I am declaring independence and growing as a person. I am taking on the responsibility of my life, being accountable for my own actions and choices.
Next week, I begin my part time job as a barista. Stepping down to IOP. My parents are finally starting to believe and trust in me. Moving into my own sublet in a week or two. Going to take an online class as well.
To enable change, it takes more than just a desire to, more than just will power. The reason why bad habits and addictions are so difficult to change is because of momentum. What is needed is a STRONG sense of determination along with tools, opposing forces, to deal with obstacles hindering recovery.
I must hold myself accountable, reach out for support, be transparent and honest with not only myself, but others as well… I must be open to change, I must be the change I wish to see. I must be firm with myself and be mindful of my emotions to distinguish them from how things are in their objective nature. I must be loving and forgiving to myself because love is the most effective enabler of positive growth and true change for the better. I must be compassionate with myself. And I will. I can. I am.

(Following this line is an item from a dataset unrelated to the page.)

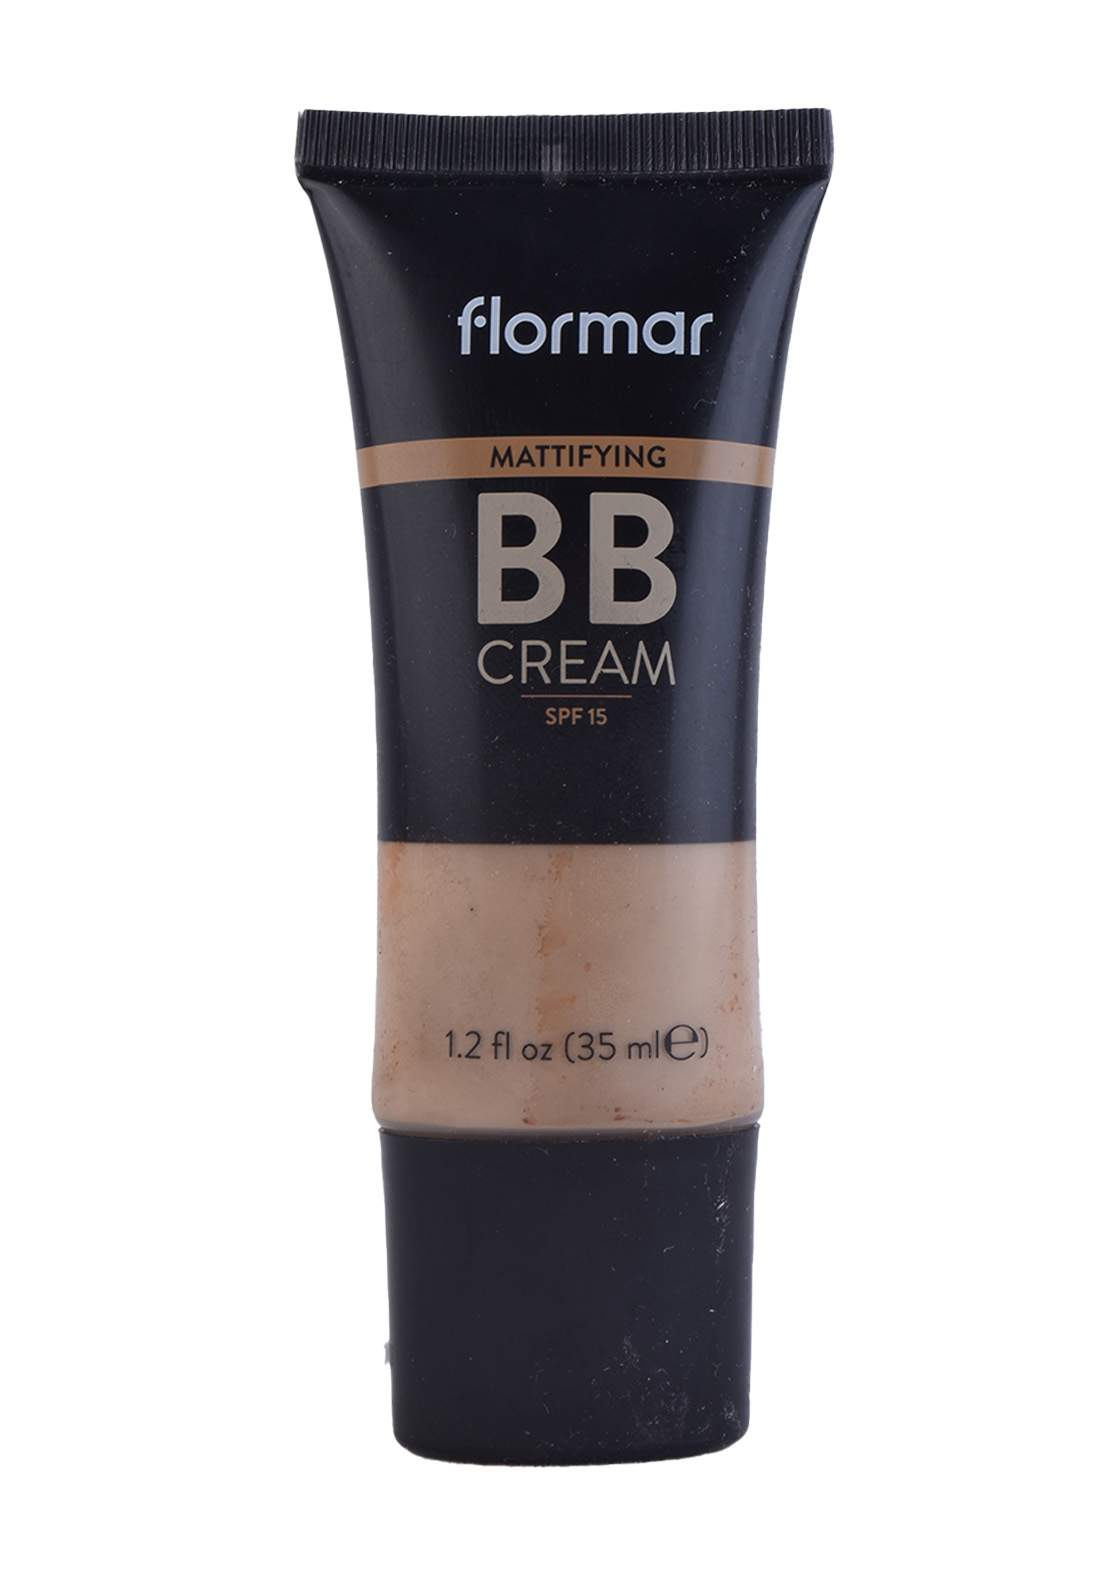 Flormar BB Cream SPF 15 Fair\Light 35ml بي بي كريم
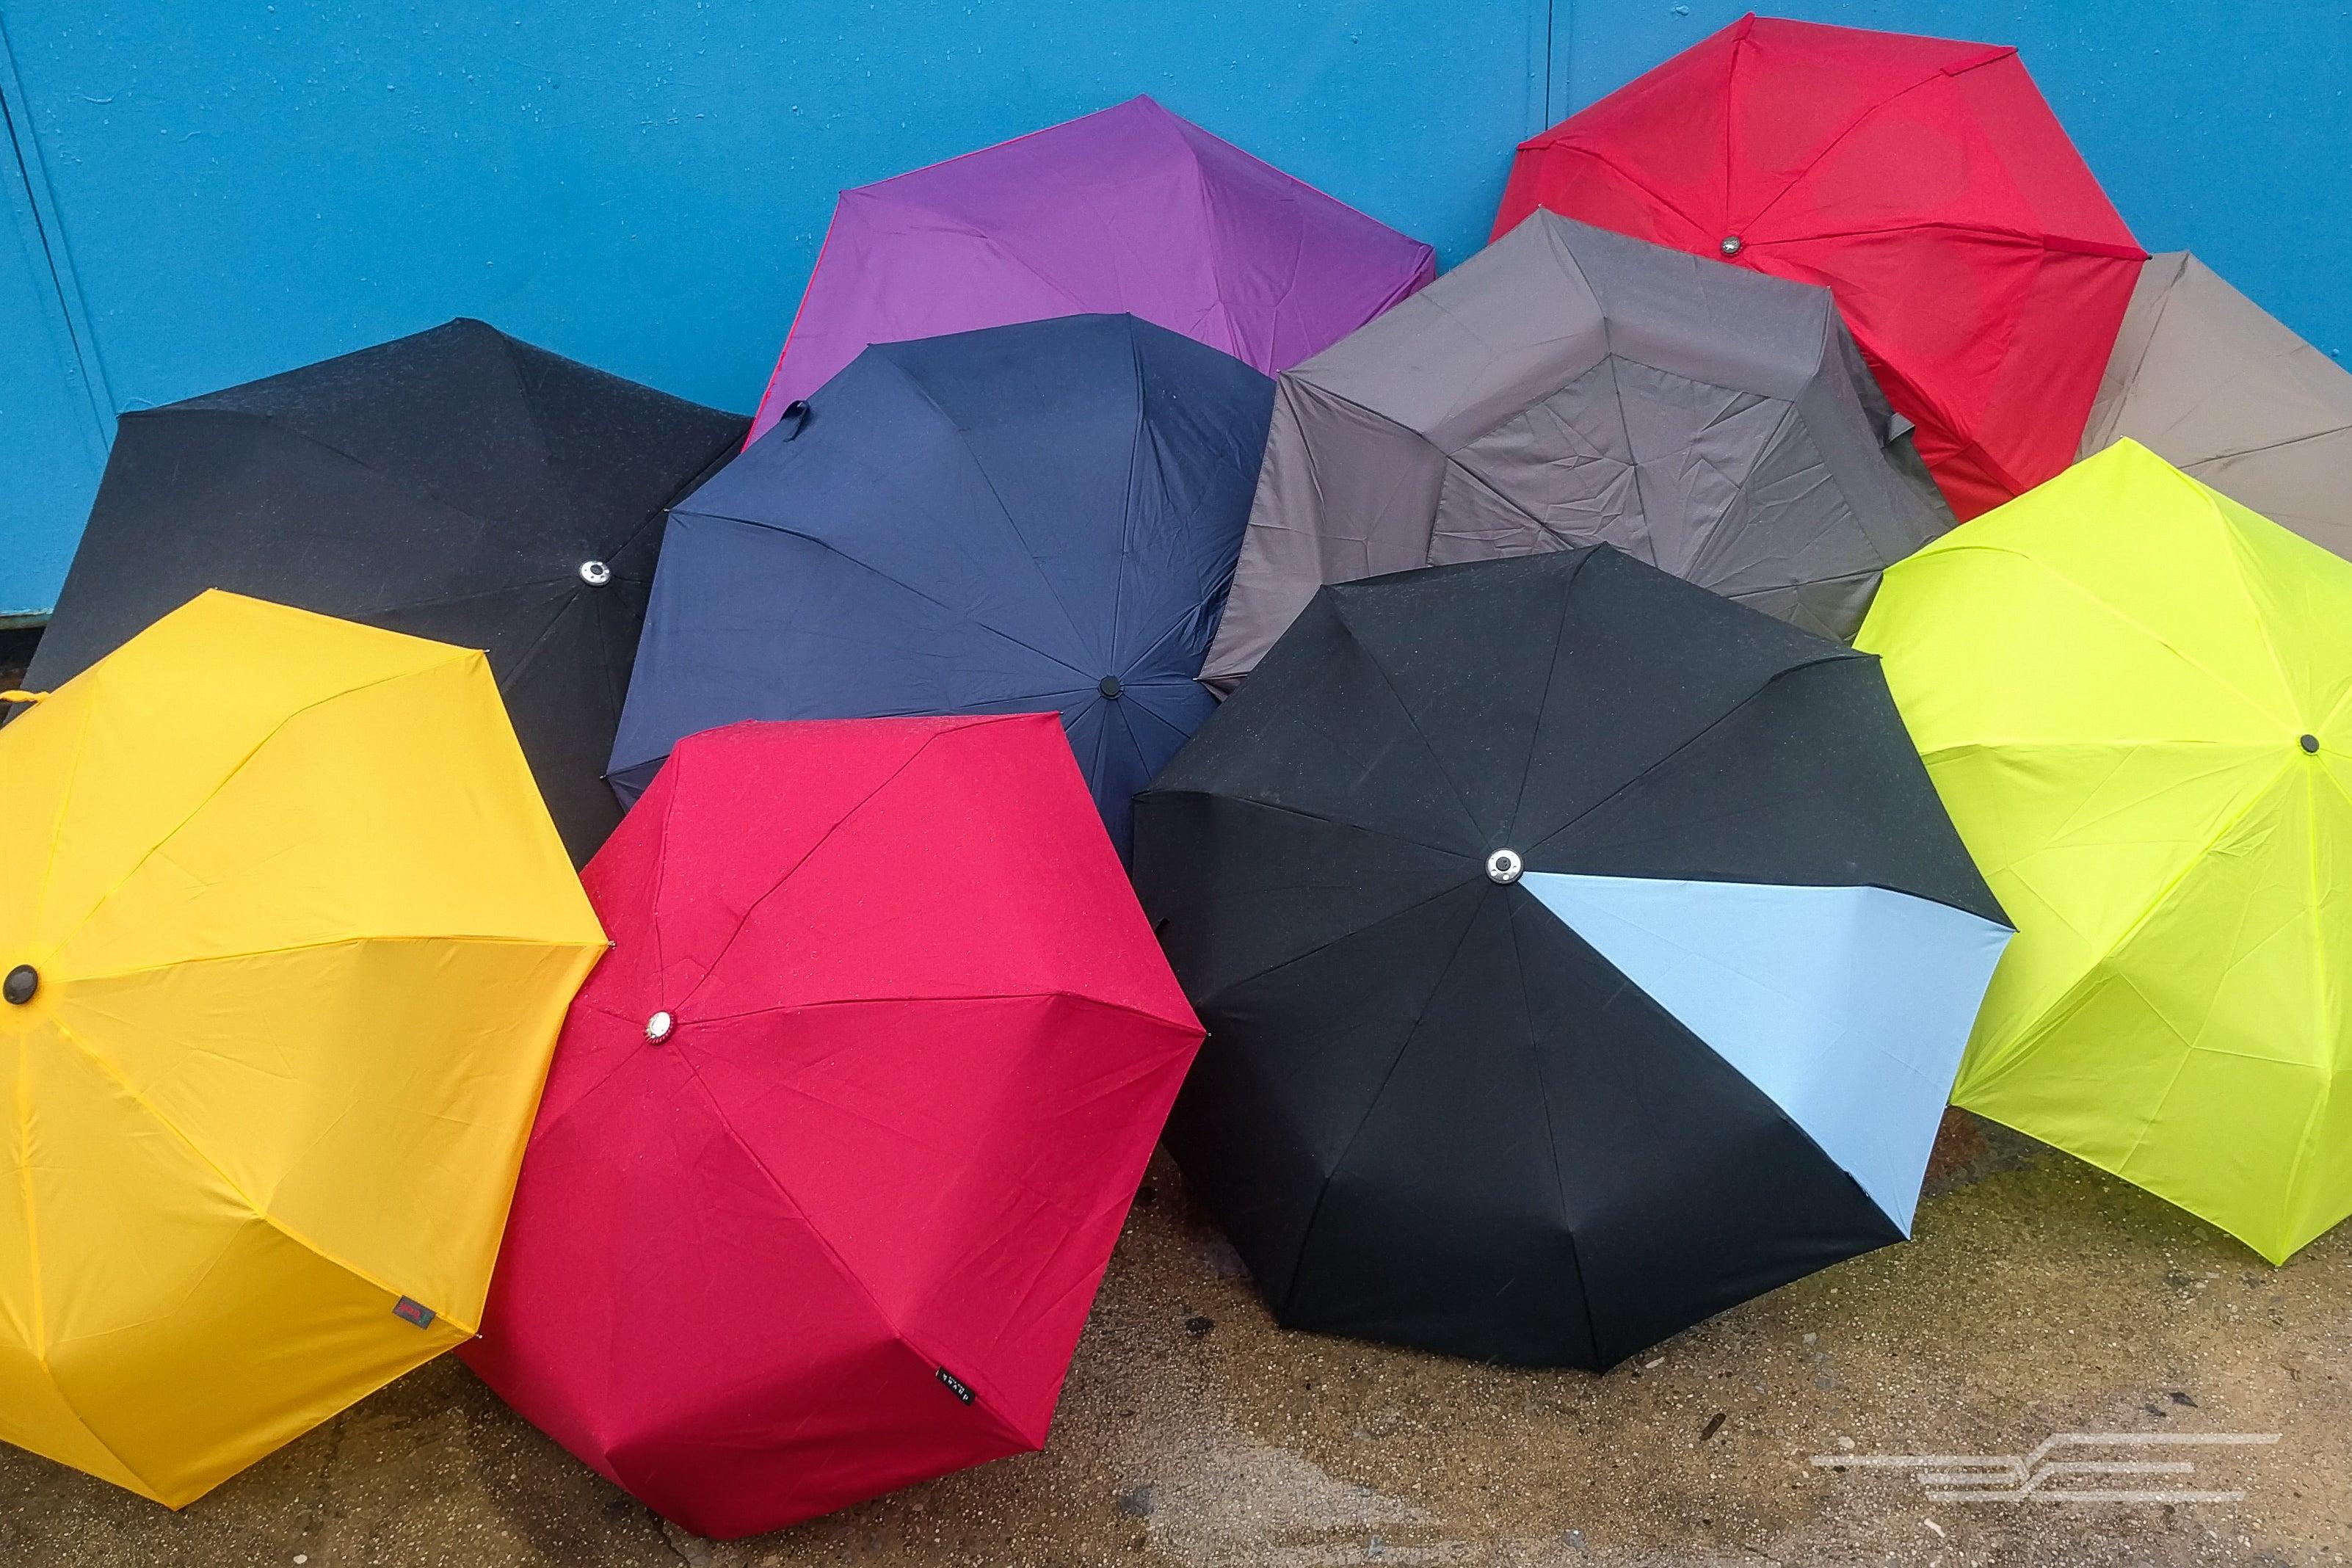 an assortment of opened umbrellas

I seek to be content and satisfied with my own standards and disregard others’ expectations of me. I am me and I will do what’s best for myself.
I am happy. I am no longer a victim of depression. I have the power within me to thrive, to love, to cherish all that life has to offer.
Thus begins another chapter of my life. I’ve been ready for recovery for so long and it’s the first time I am able to not only taste it, but actually ‘have it and eat it too.’